Le sujet mis en avant par la dépêche de Libération est le recours au marketing de la peur par de grands acteurs de la tech au sujet des IA capables d’activités malveillantes. Nous ne reprenons pas le détail de l’analyse. Ce qu’une entreprise peut en faire immédiatement, c’est un exercice de lucidité à l’achat : l’urgence et la menace sont des arguments de vente, y compris chez les prestataires du numérique.
Repérez le schéma dans les propositions que vous recevez. Il combine généralement trois éléments : une menace présentée comme imminente et générale, une échéance courte qui empêche la comparaison, et une solution unique vendue comme seule protection. Dès qu’une proposition réunit les trois, ralentissez. Un besoin réel supporte très bien une consultation de trois prestataires sur deux ou trois semaines.
Remplacez l’argument par une question factuelle : sur quoi repose votre affirmation, et quelle source publique puis-je consulter ? Un prestataire sérieux cite une source identifiable et accepte que vous la vérifiiez. Un vendeur d’anxiété répond par une anecdote invérifiable ou par un rapport interne que vous ne pouvez pas lire. Cette seule question suffit souvent à trancher.
Traduisez ensuite la menace évoquée en risque chiffré pour votre entreprise. Quel actif est concerné : votre site, votre messagerie, vos données clients, votre réputation ? Que se passe-t-il concrètement en cas d’incident, en heures d’indisponibilité et en perte d’activité ? Quelle est votre situation actuelle sur ce point ? Sans ces trois réponses, aucun budget ne peut être arbitré rationnellement.
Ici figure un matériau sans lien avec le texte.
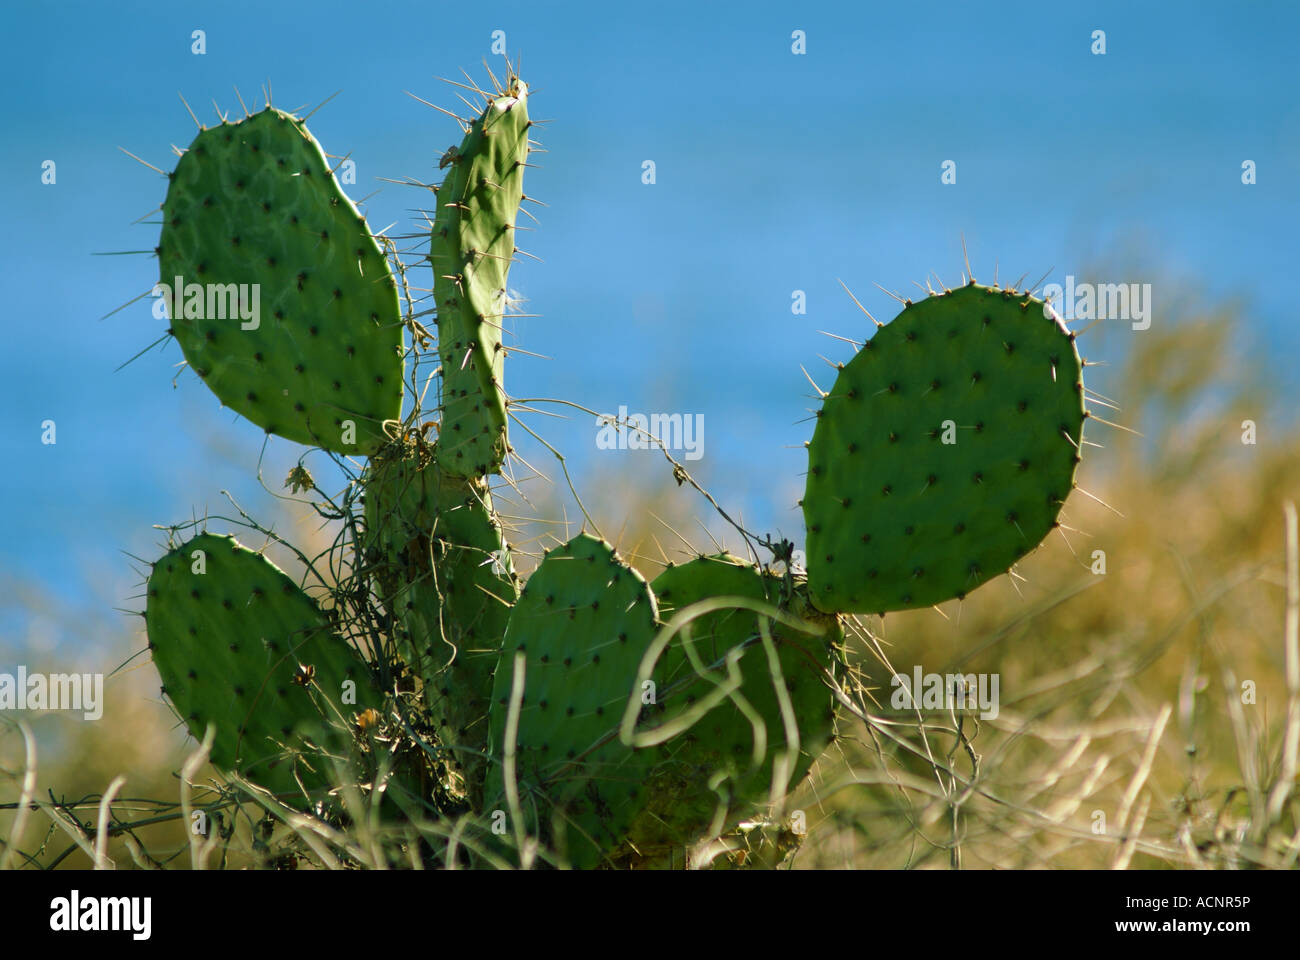 Prickly Pear Cactus near the ocean in Mazatlan Mexico Stock Photo

Pour un achat de prestation numérique, exigez toujours le même socle, quel que soit le discours : périmètre écrit, livrables datés, engagement de disponibilité si le prestataire héberge, procédure de sauvegarde et de restauration testée, délai d’intervention en cas d’incident, réversibilité documentée et propriété des accès à votre nom. Ce socle protège mieux que n’importe quelle option présentée comme indispensable.
Vérifiez aussi le volet données personnelles, souvent traité trop vite. Demandez si un sous-traitant traite des données pour votre compte, où sont hébergées ces données, quelle est la durée de conservation, et si un contrat de sous-traitance conforme au cadre européen est prévu. La CNIL publie une documentation publique sur ces obligations : elle constitue une référence commune que vous pouvez opposer à toute proposition.
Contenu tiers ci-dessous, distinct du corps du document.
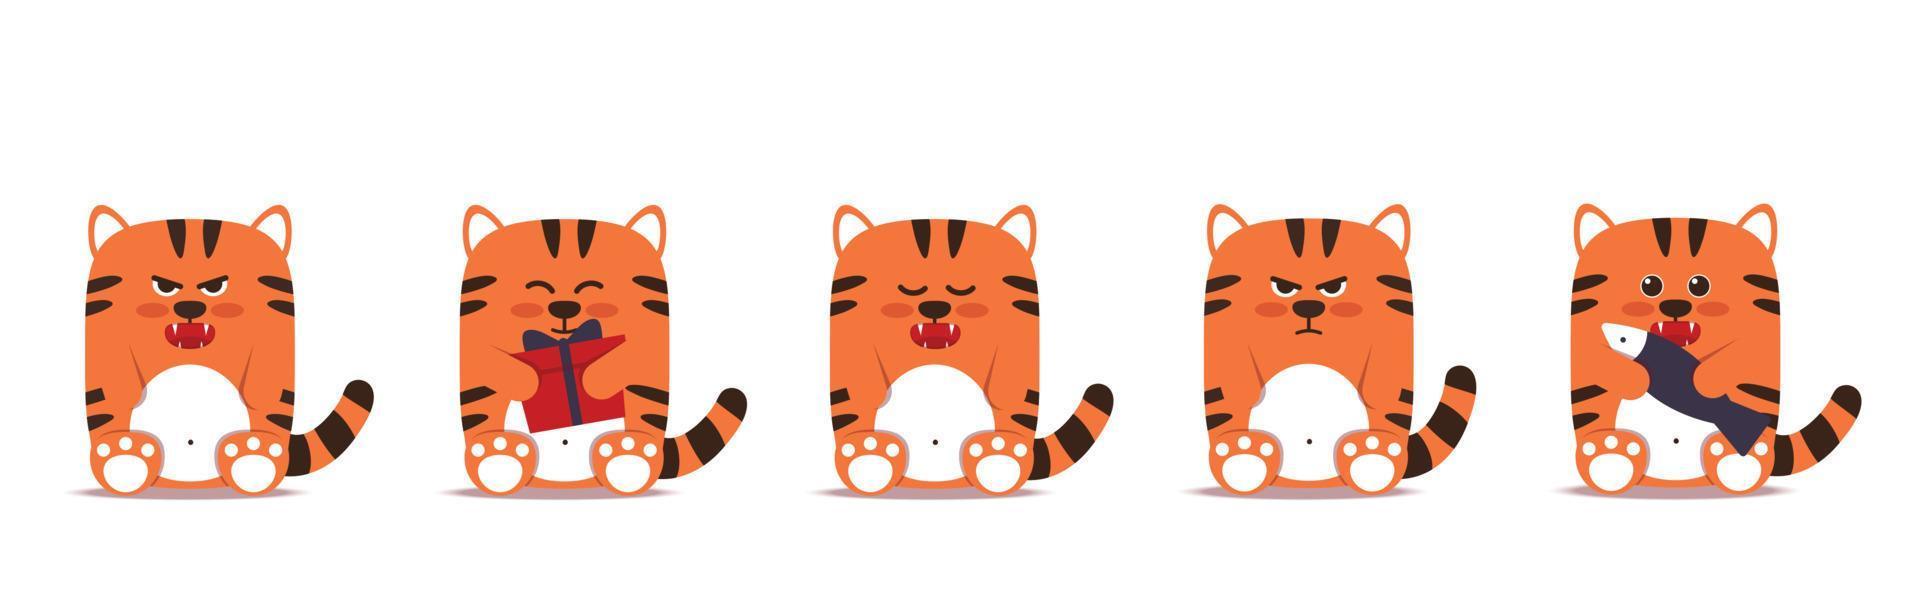 conjunto de gatinhos tigres pequenos em um estilo simples. símbolo animal para o ano novo chinês de 2022. tigre laranja mal-humorado e zangado senta-se com um peixe de caixa de presente. para um banner, decoração infantil. ilustração vetorial. vetor

Côté budget, appliquez une règle simple : ne signez jamais une dépense non prévue le jour même du rendez-vous. Demandez la proposition écrite, laissez passer quarante-huit heures, et faites chiffrer la même demande par un autre prestataire. Si l’offre initiale n’est plus valable après deux jours, c’est un signal en soi, pas une bonne affaire perdue.
Enfin, gardez en tête que l’argument inverse existe aussi : la promesse d’une IA qui réglerait seule votre acquisition. Les deux discours, la peur et la solution miracle, se traitent avec la même méthode. Demandez ce qui est livré, par qui, en combien de jours, comment cela se mesure et ce que vous conservez si vous partez. Ces cinq réponses tiennent sur une page et suffisent à comparer sérieusement plusieurs agences.
Questions fréquentes
Que traite la dépêche de Libération ?
D’après son titre, elle porte sur le marketing de la peur employé par des géants de la tech autour des IA dites hackeuses. Le détail de son analyse n’est pas repris ici.
Comment réagir face à une proposition qui joue sur l’urgence ?
Demandez la source publique de l’affirmation, exigez une proposition écrite et faites chiffrer le même besoin par un second prestataire avant toute signature.
Quelles clauses minimales exiger dans un contrat numérique ?
Périmètre écrit, livrables datés, procédure de sauvegarde et de restauration, délai d’intervention, réversibilité documentée, propriété des accès et contrat de sous-traitance conforme si des données personnelles sont traitées.